▶ ACTIVITY:
Output the entries as they appear, skipping images.

MATERIAL PROVIDED START

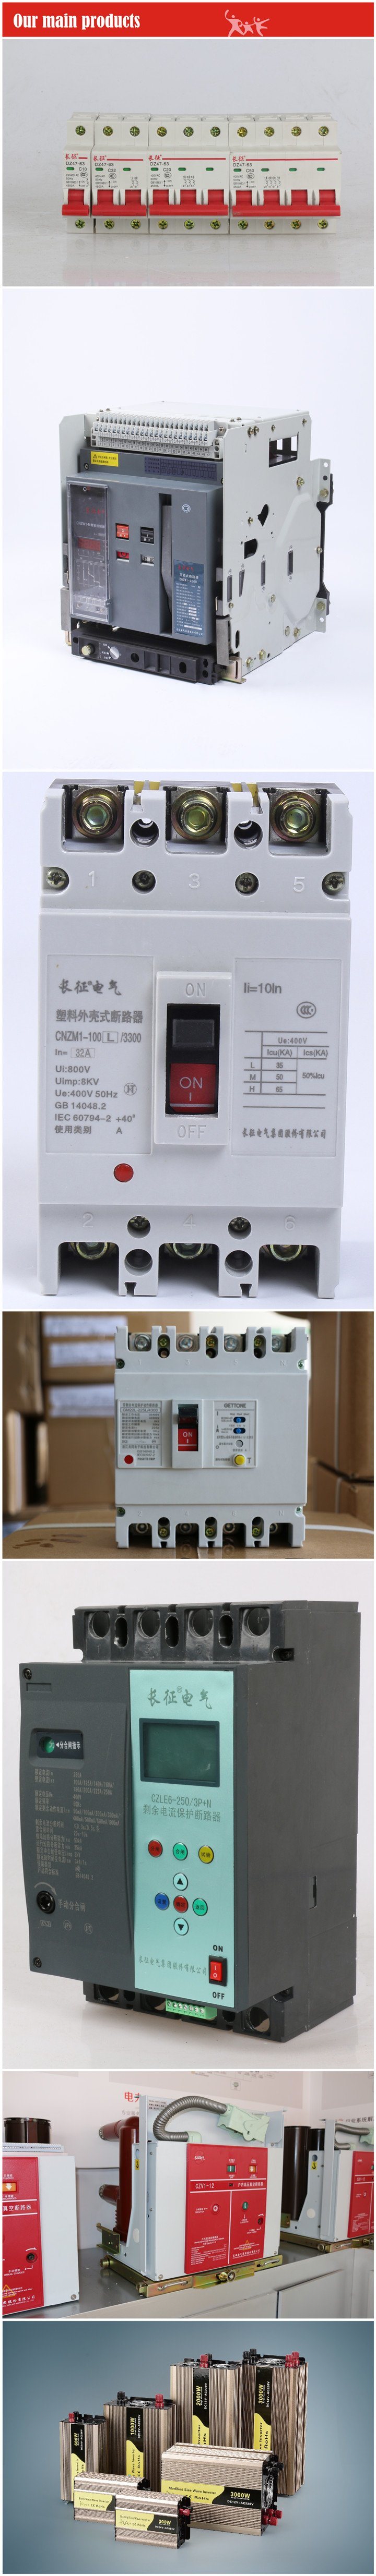 ATS Wats 400A Dual Driver Dual Power Supply Automatic Transfer Switch for Circuit Breaker MCB RCCB
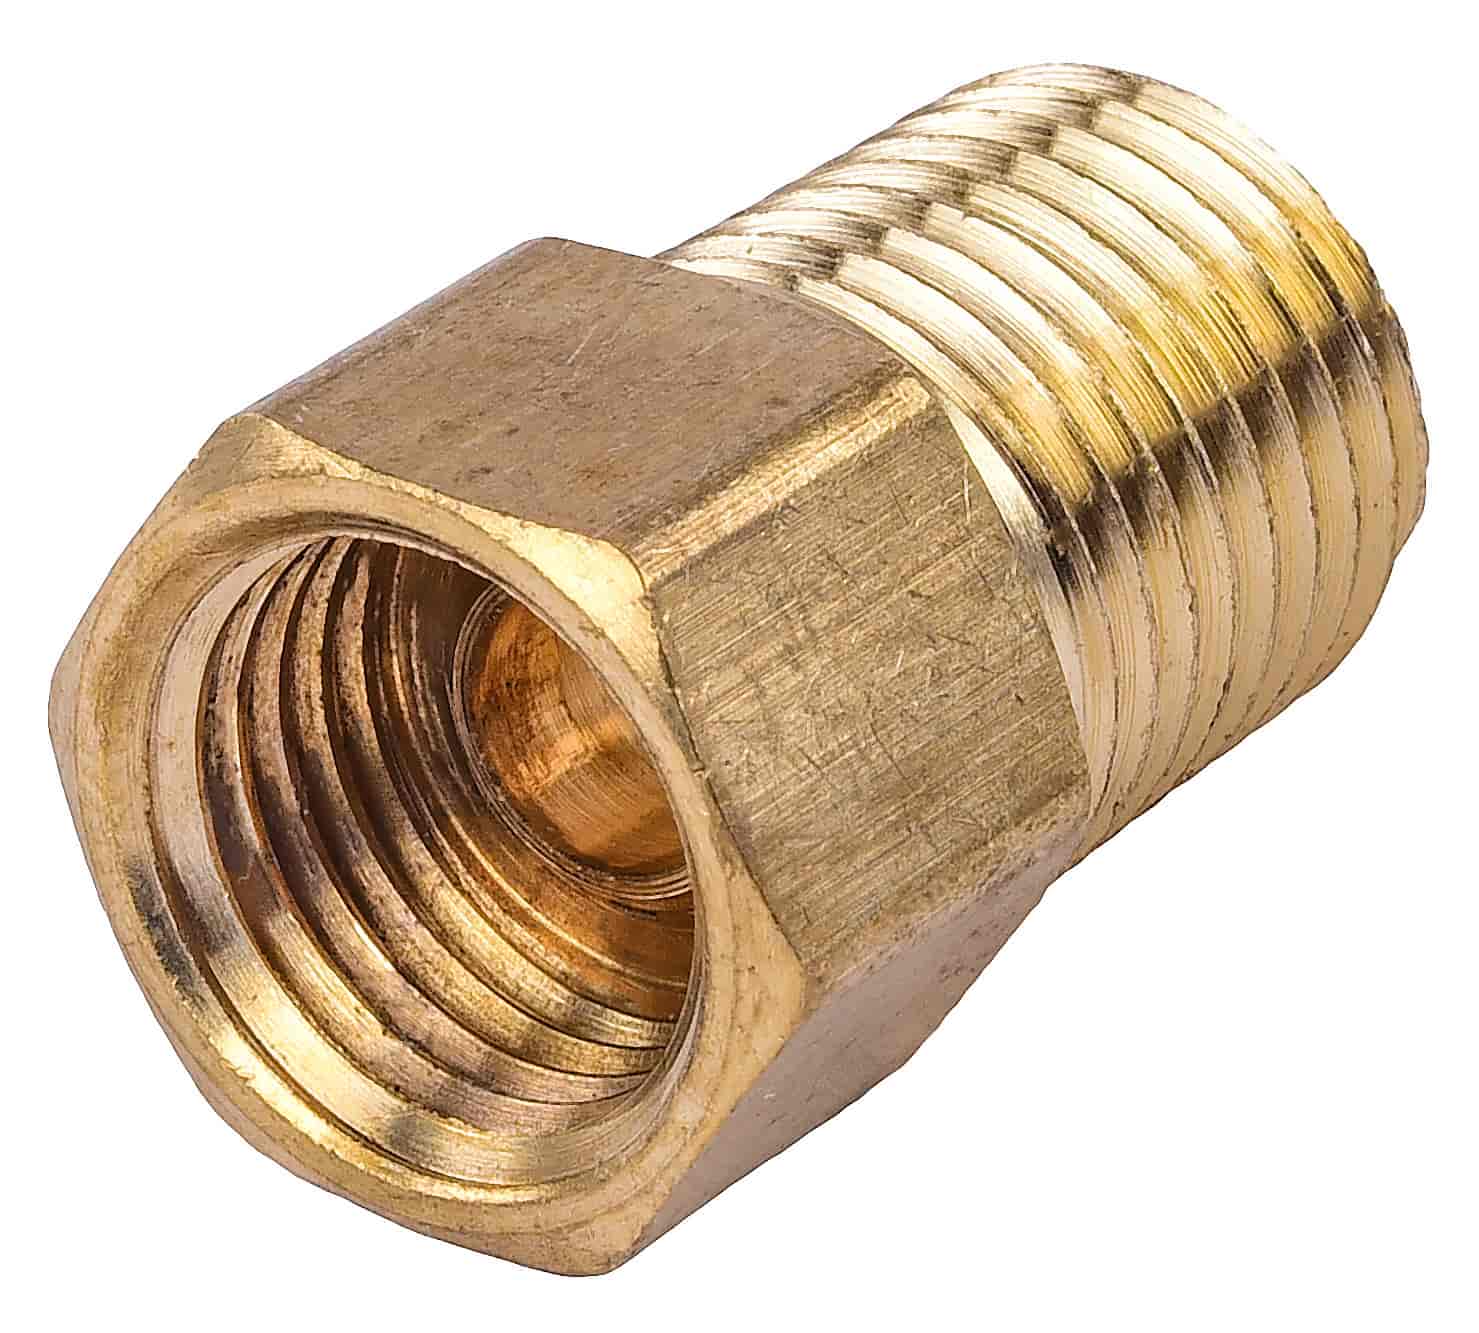 1/4 Male NPT x 1/4 Flare (SAE) Brass Adapter
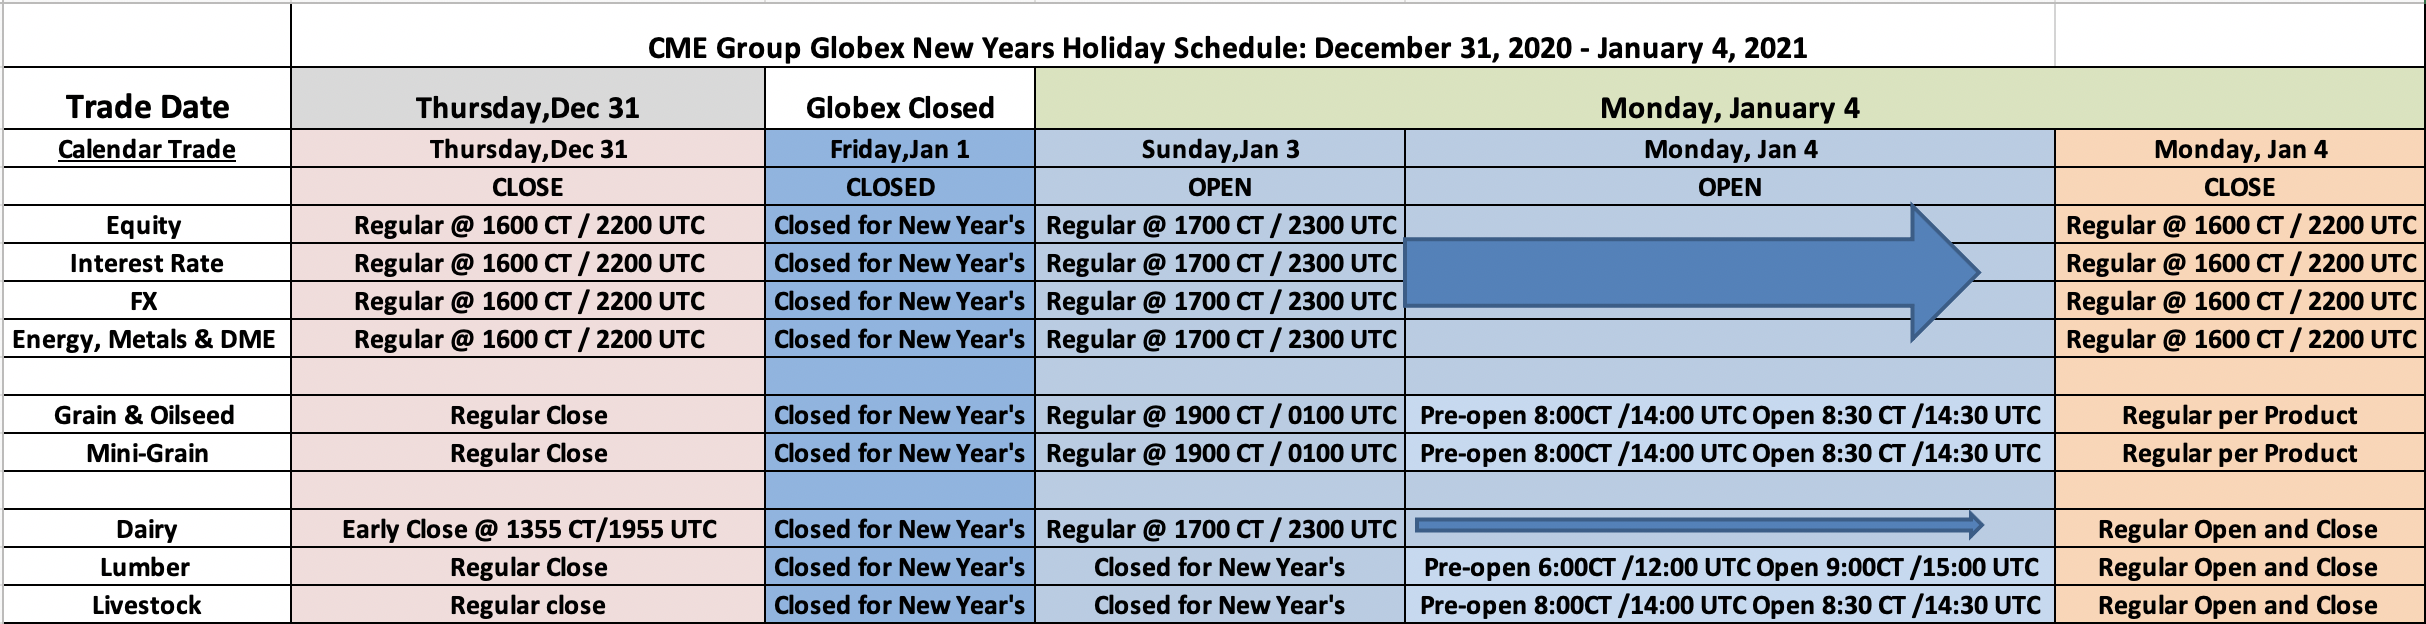 Forex holiday schedule investing newsweek best
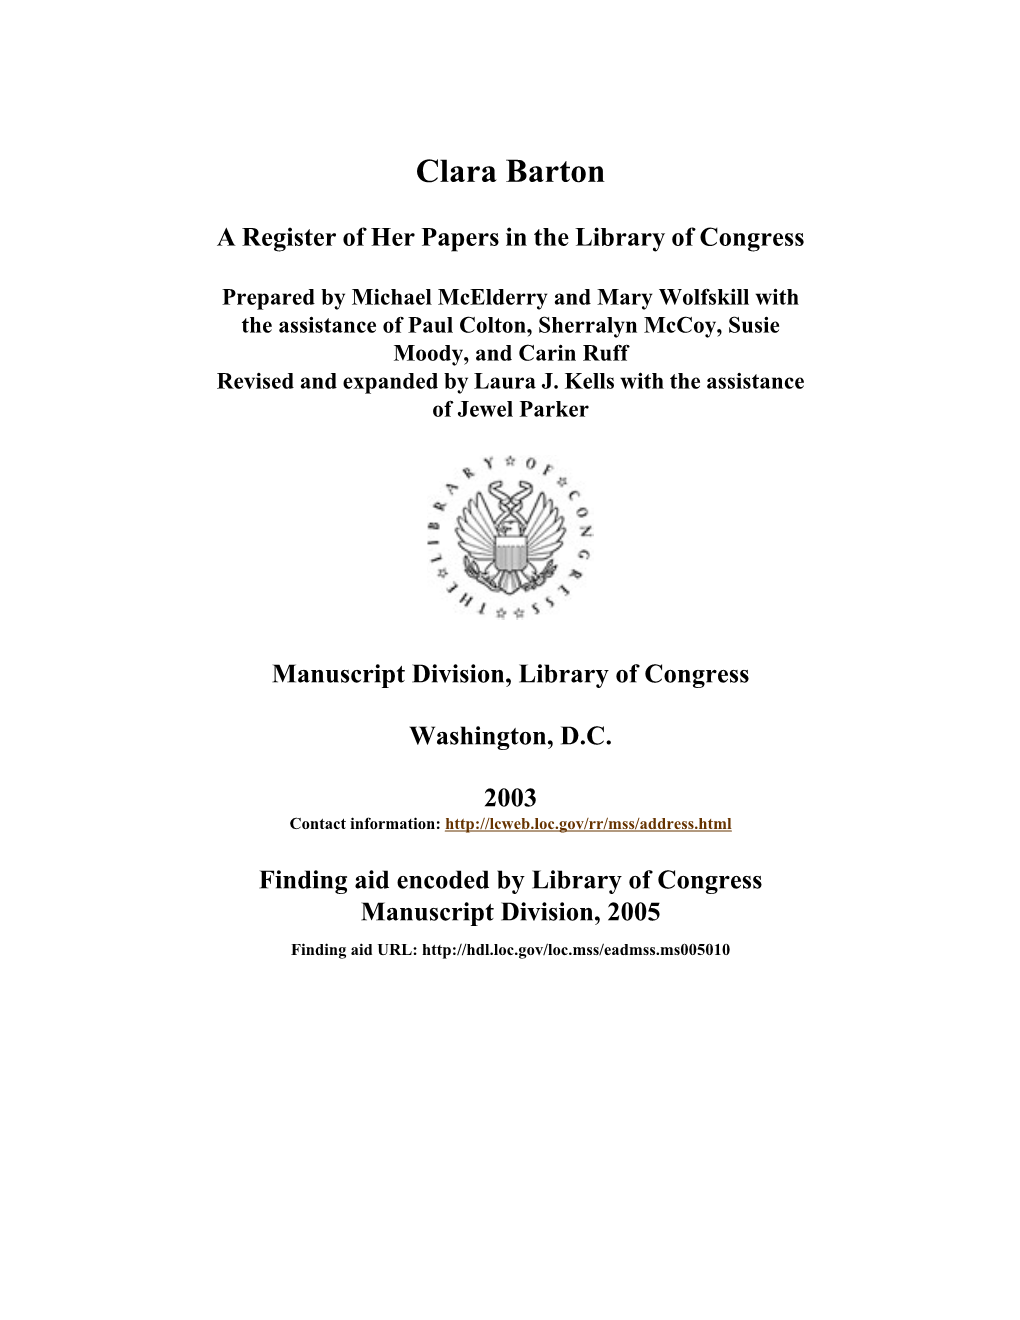 Papers of Clara Barton [Finding Aid]. Library of Congress
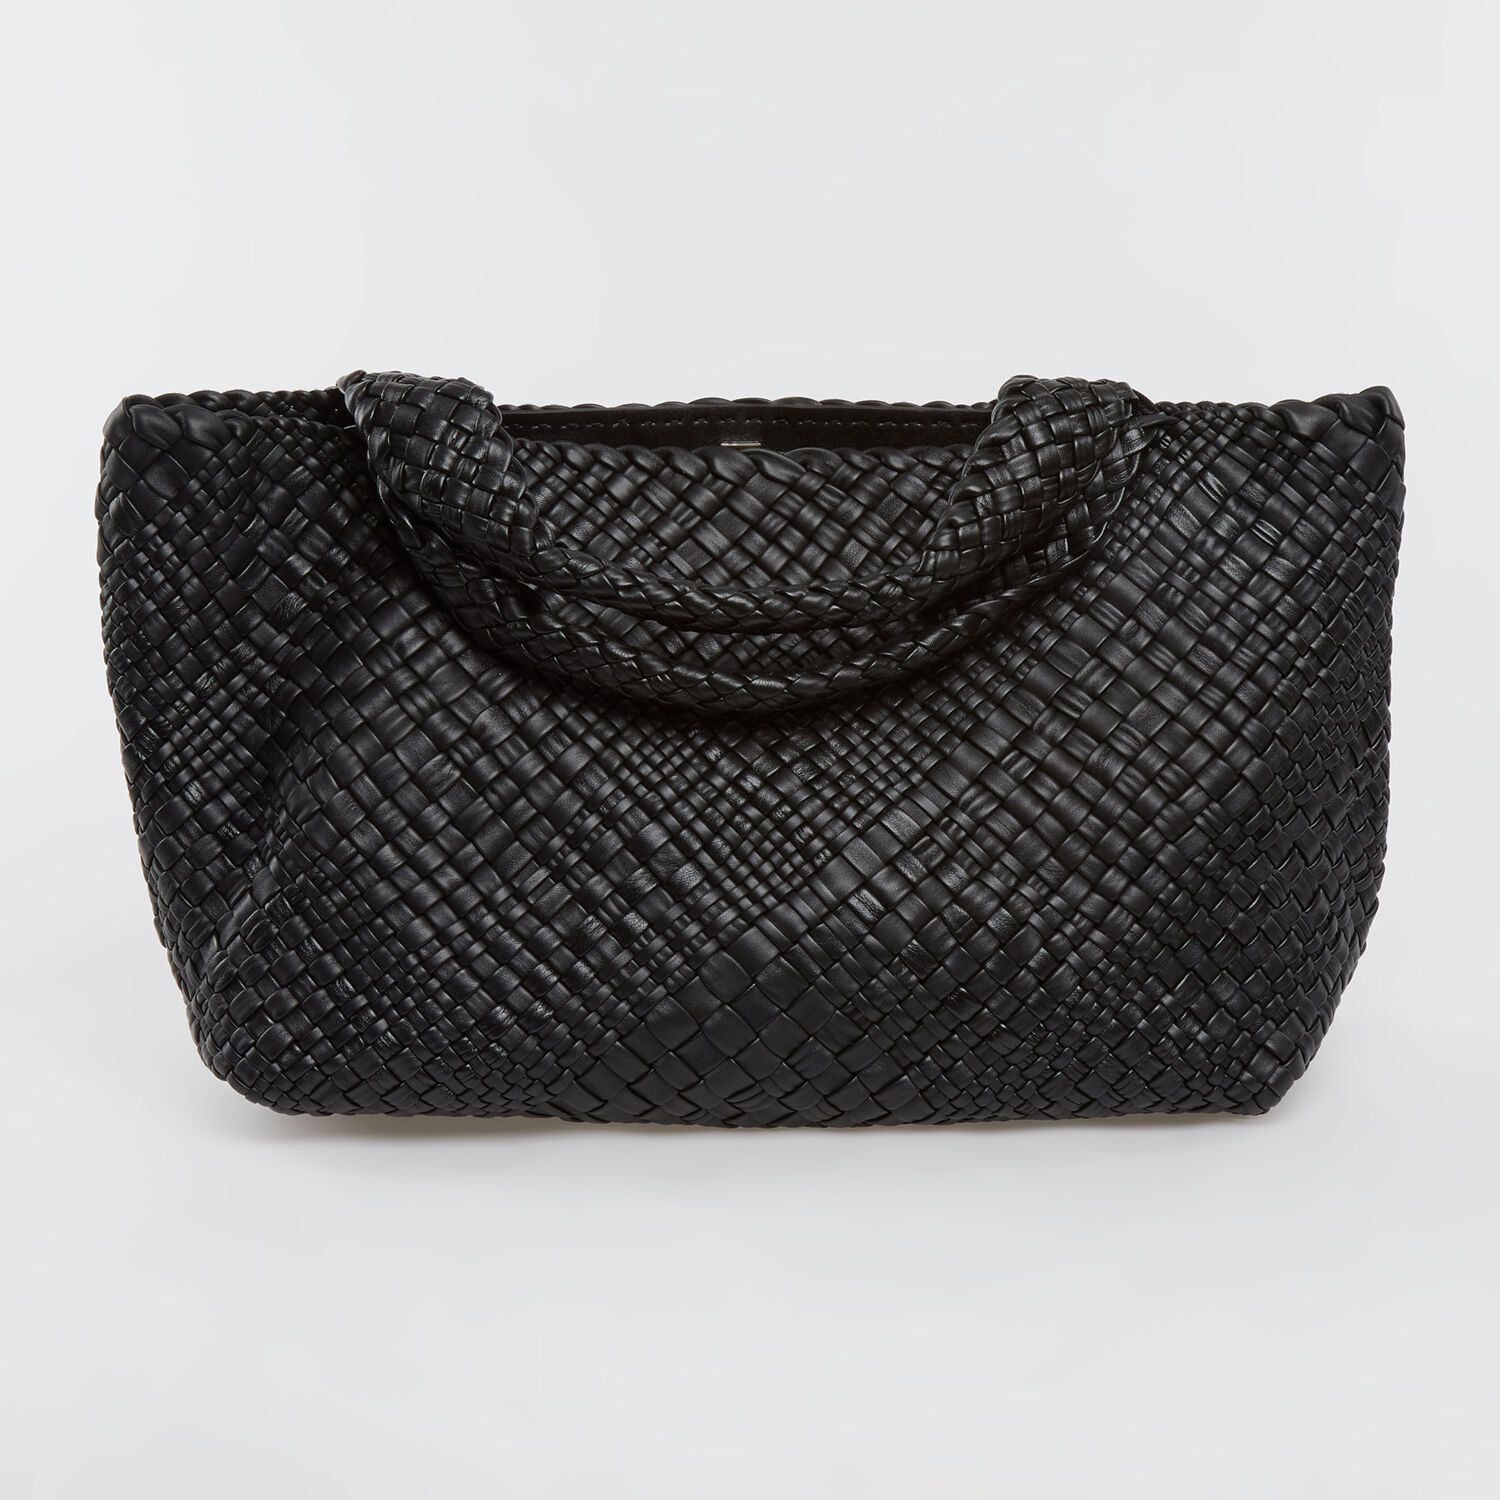 WOVEN LEATHER TOTE BAG - Black

MATERIAL PROVIDED END

▶ REPLY TO THE TASK:
 ATS Wats 400A Dual Driver Dual Power Supply Automatic Transfer Switch for Circuit Breaker MCB RCCB
 1/4 Male NPT x 1/4 Flare (SAE) Brass Adapter
 Forex holiday schedule investing newsweek best
 Papers of Clara Barton [Finding Aid]. Library of Congress
 WOVEN LEATHER TOTE BAG - Black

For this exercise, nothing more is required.